Philosophers writing on justice have observed that it has two different faces, one conservative of existing norms and practices, the other demanding reform of these norms and practices (see Sidgwick 1874/1907, Raphael 2001). Thus on the one hand it is a matter of justice to respect people’s rights under existing law or moral rules, or more generally to fulfil the legitimate expectations they have acquired as a result of past practice, social conventions, and so forth; on the other hand, justice often gives us reason to change laws, practices and conventions quite radically, thereby creating new entitlements and expectations. This exposes an ambiguity in what it means to ‘render each his due’. What is ‘due’ might be what a person can reasonably expect to have given existing law, policy, or social practice, or it might be what the person should get under a regime of ideal justice: this could mean what the person deserves, or needs, or is entitled to on grounds of equality, depending on which ideal principle is being invoked.

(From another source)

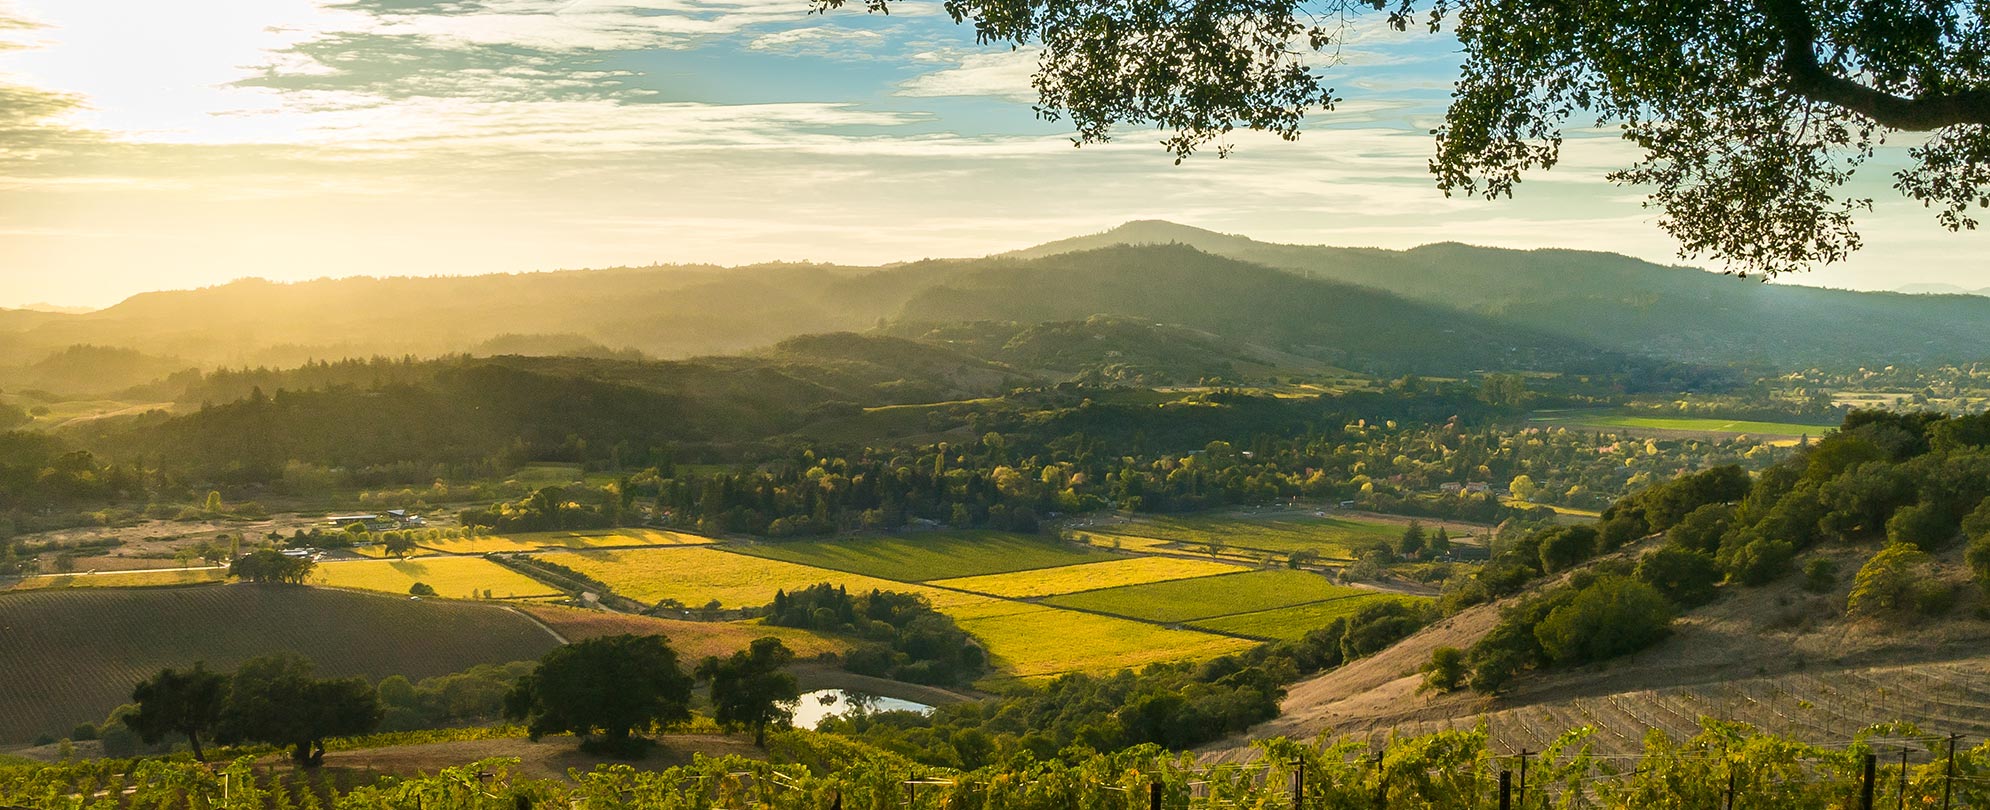 Sunset over Sonoma Valley wine country in California.

Conceptions of justice vary according to the weight they attach to each of these faces. At one extreme, some conceptions interpret justice as wholly concerned with what individuals can claim under existing laws and social conventions: thus for Hume, justice was to be understood as adherence to a set of rules that assign physical objects to individuals (such as being the first possessor of such an object) (Hume, A Treatise of Human Nature , Book III, Part II). These rules can be explained by reference to the natural associations that form in people’s minds between persons and external objects, and although the system of justice as a whole can be shown to be socially useful, there are no relevant independent standards by which its principles can be assessed (Hume briskly dismissed equality and merit as principles for allocating property to persons). In similar vein, Hayek argued that justice was a property of individual behaviour, understood as compliance with the ‘rules of just conduct’ that had evolved to enable a market economy to function effectively. For Hayek, to speak of ‘social justice’ as an ideal standard of distribution was as meaningless as to speak of a ‘moral stone’ (Hayek 1976, p. 78)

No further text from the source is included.